Data extract —
● ● ● ● ●

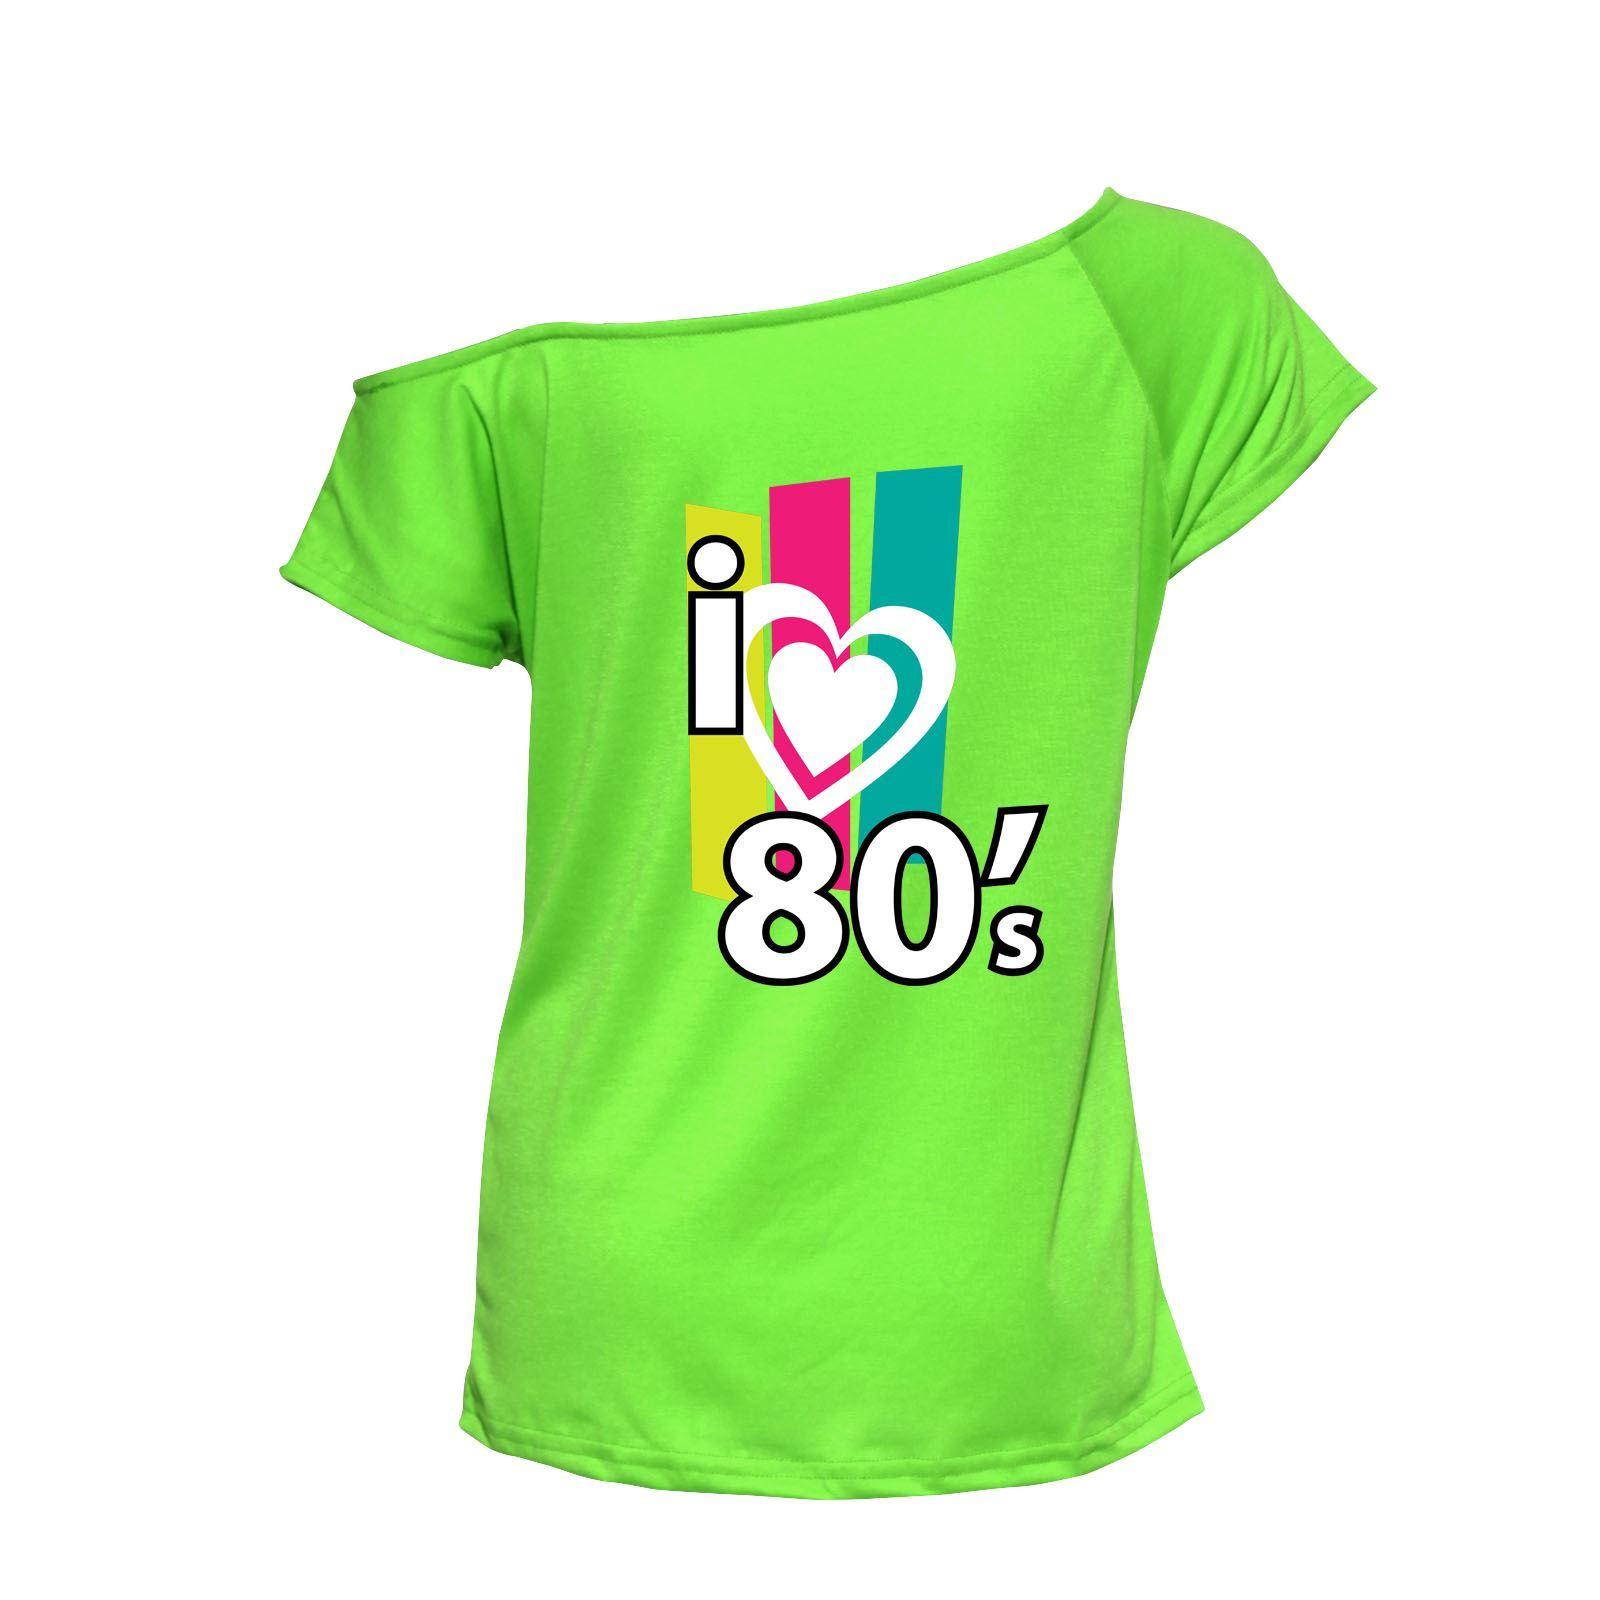 Me-encanta-la-musica-80s-Top-senoras-gallina-Fiesta-Festival-Traje-Camiseta-6021741
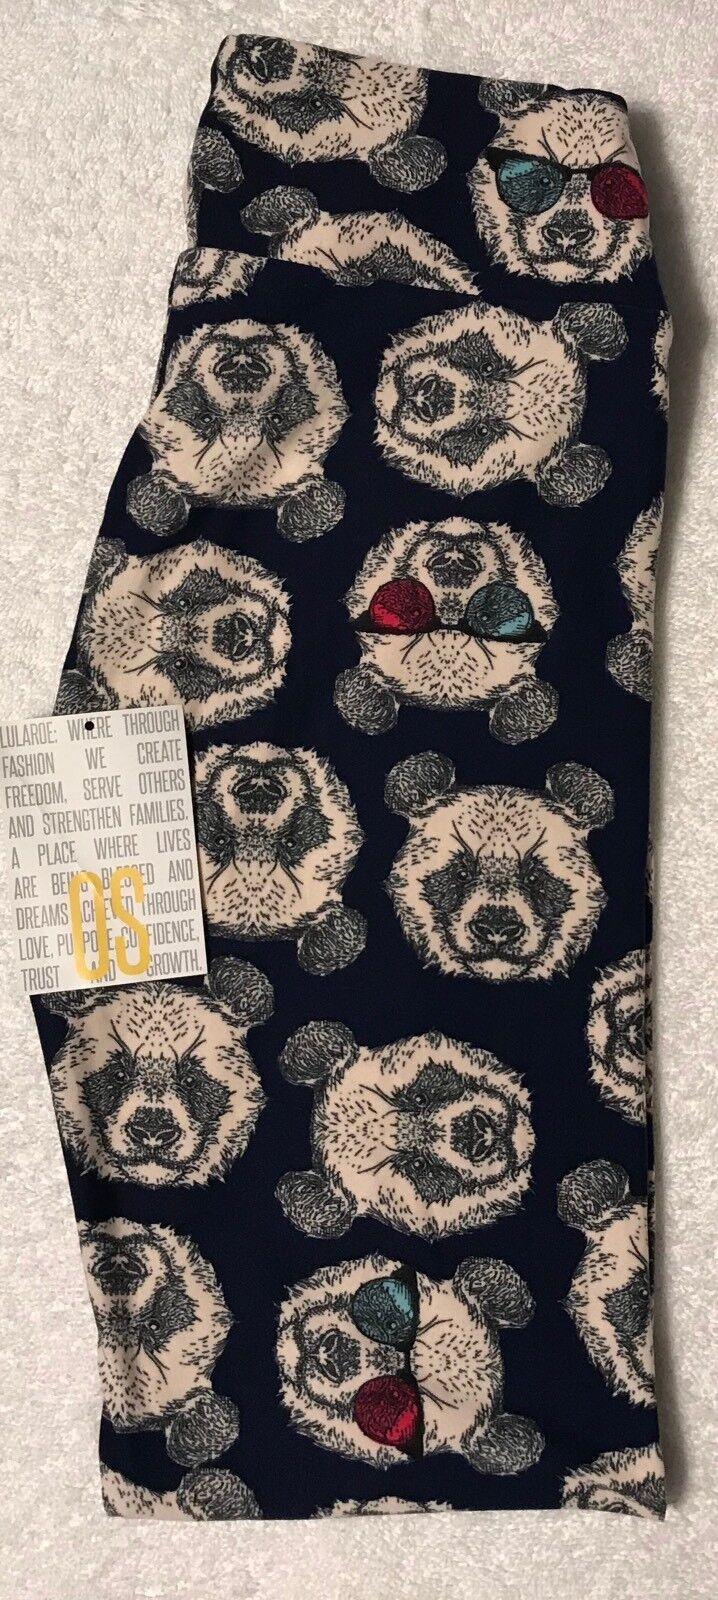 NEW LuLaRoe OS Hipster Panda Bear Sunglasses UNICORN Leggings
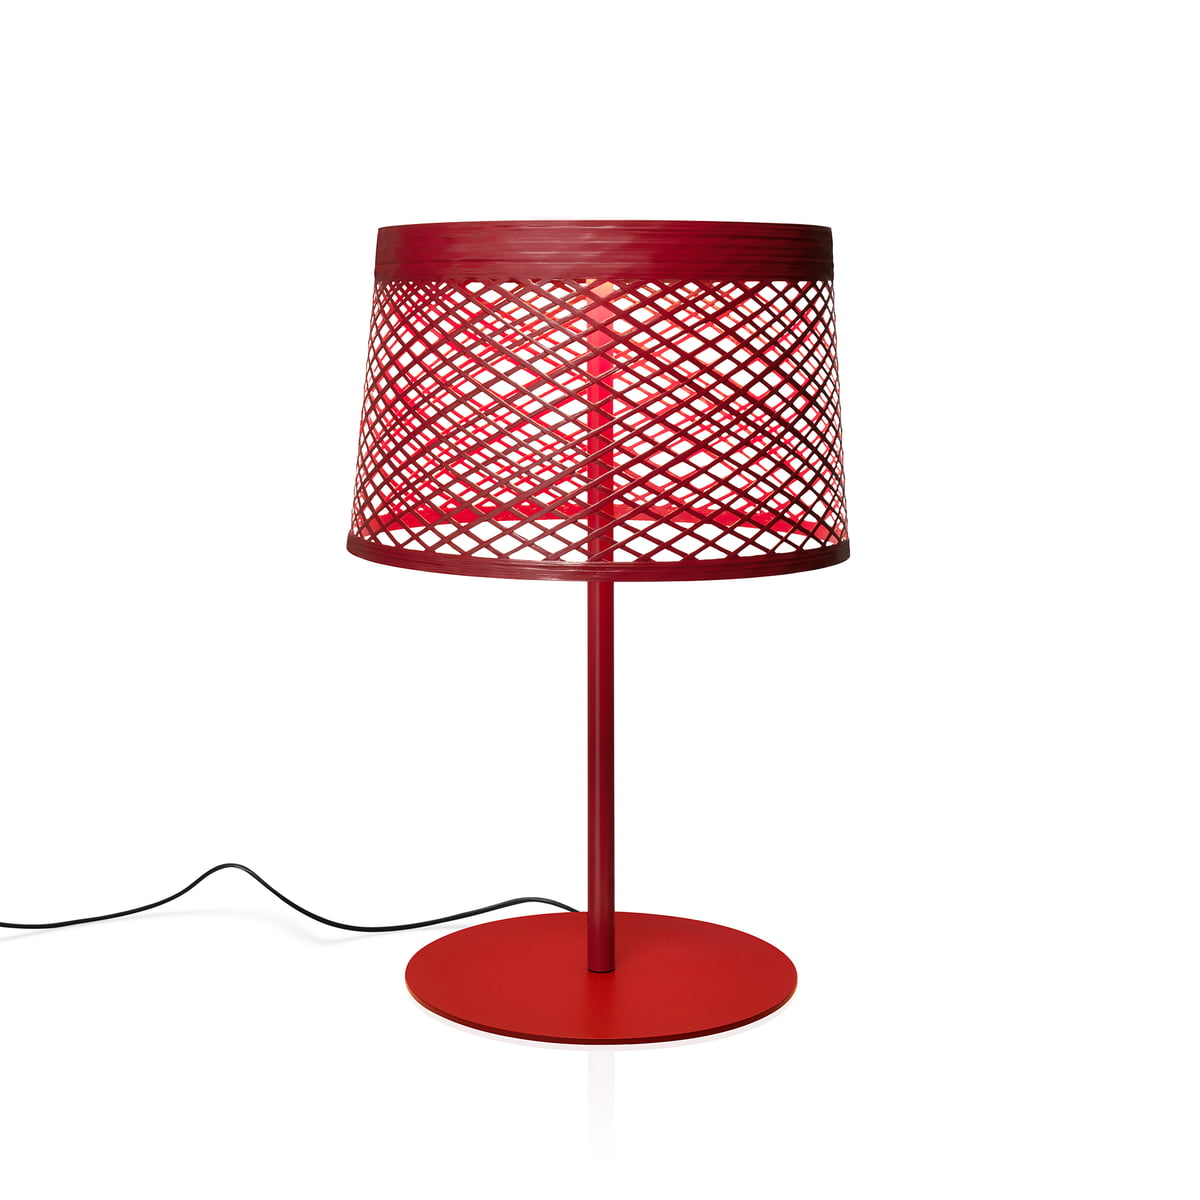 Twiggy LedCarmin Table Grid De Foscarini Lampe Xl dCBroxe

● ● ● ● ●

Exercise — Word for word, restate the whole listing and drop the images.

Output below —
 Me-encanta-la-musica-80s-Top-senoras-gallina-Fiesta-Festival-Traje-Camiseta-6021741
 NEW LuLaRoe OS Hipster Panda Bear Sunglasses UNICORN Leggings
 Twiggy LedCarmin Table Grid De Foscarini Lampe Xl dCBroxe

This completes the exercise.